> Given records:

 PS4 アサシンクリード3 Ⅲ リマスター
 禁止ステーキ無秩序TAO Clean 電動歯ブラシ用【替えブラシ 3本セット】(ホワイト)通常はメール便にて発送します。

==

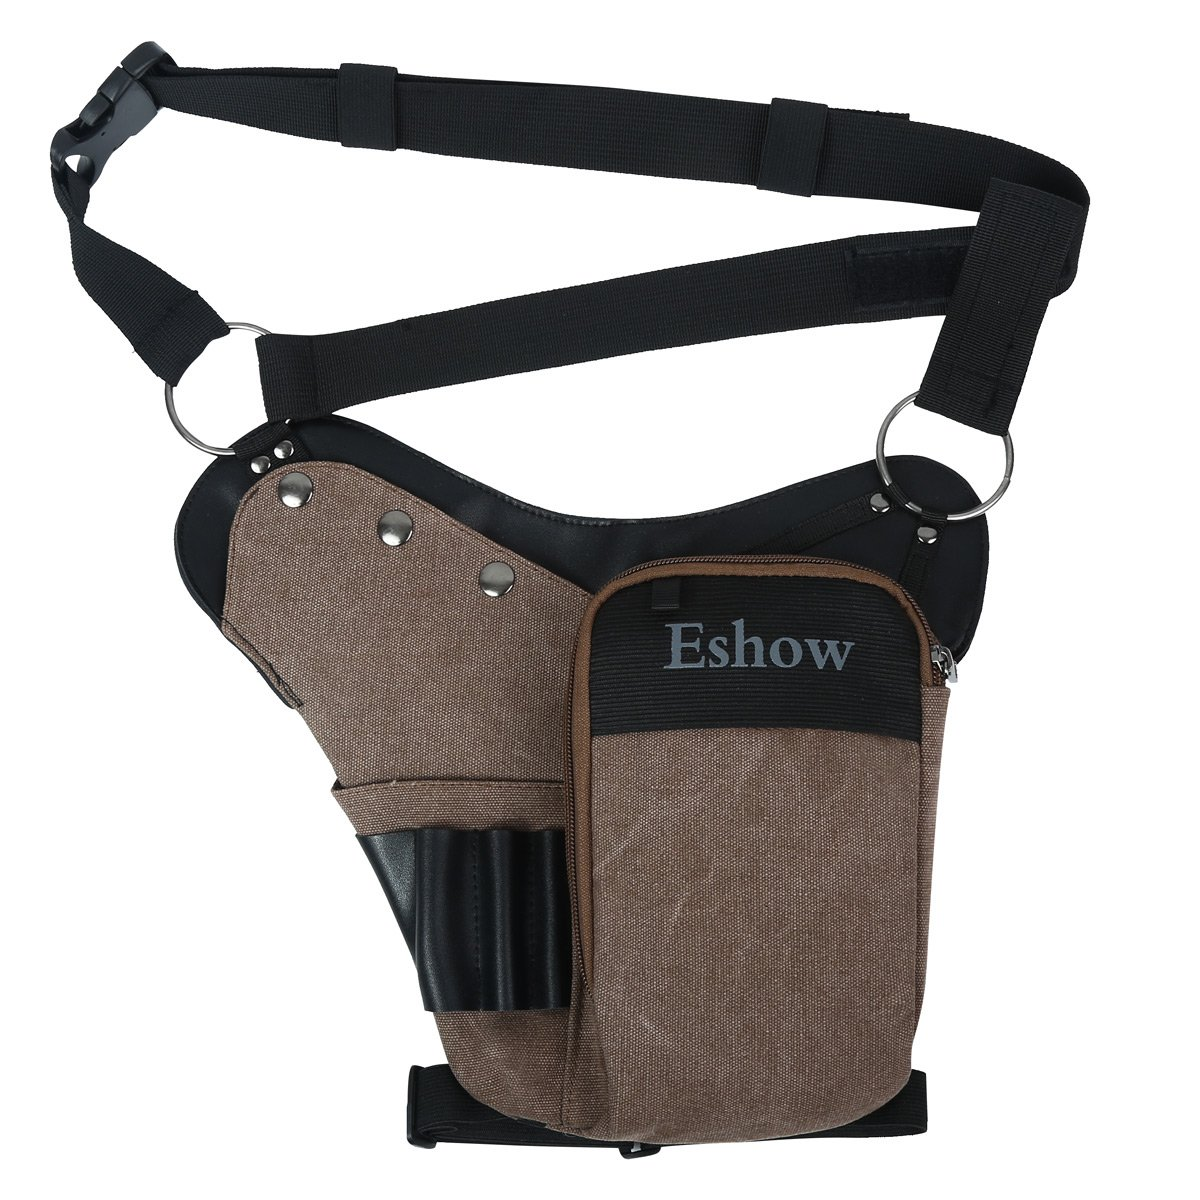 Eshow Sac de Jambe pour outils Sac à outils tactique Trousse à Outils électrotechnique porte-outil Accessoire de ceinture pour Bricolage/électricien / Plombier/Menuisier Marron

> Work request: Print, from the entries above, the line with "PS4 アサシンクリード3 Ⅲ リマスター", the line with "禁止ステーキ無秩序TAO Clean 電動歯ブラシ用【替えブラシ" and all lines between them, exactly and with nothing else.

> Response:
 PS4 アサシンクリード3 Ⅲ リマスター
 禁止ステーキ無秩序TAO Clean 電動歯ブラシ用【替えブラシ 3本セット】(ホワイト)通常はメール便にて発送します。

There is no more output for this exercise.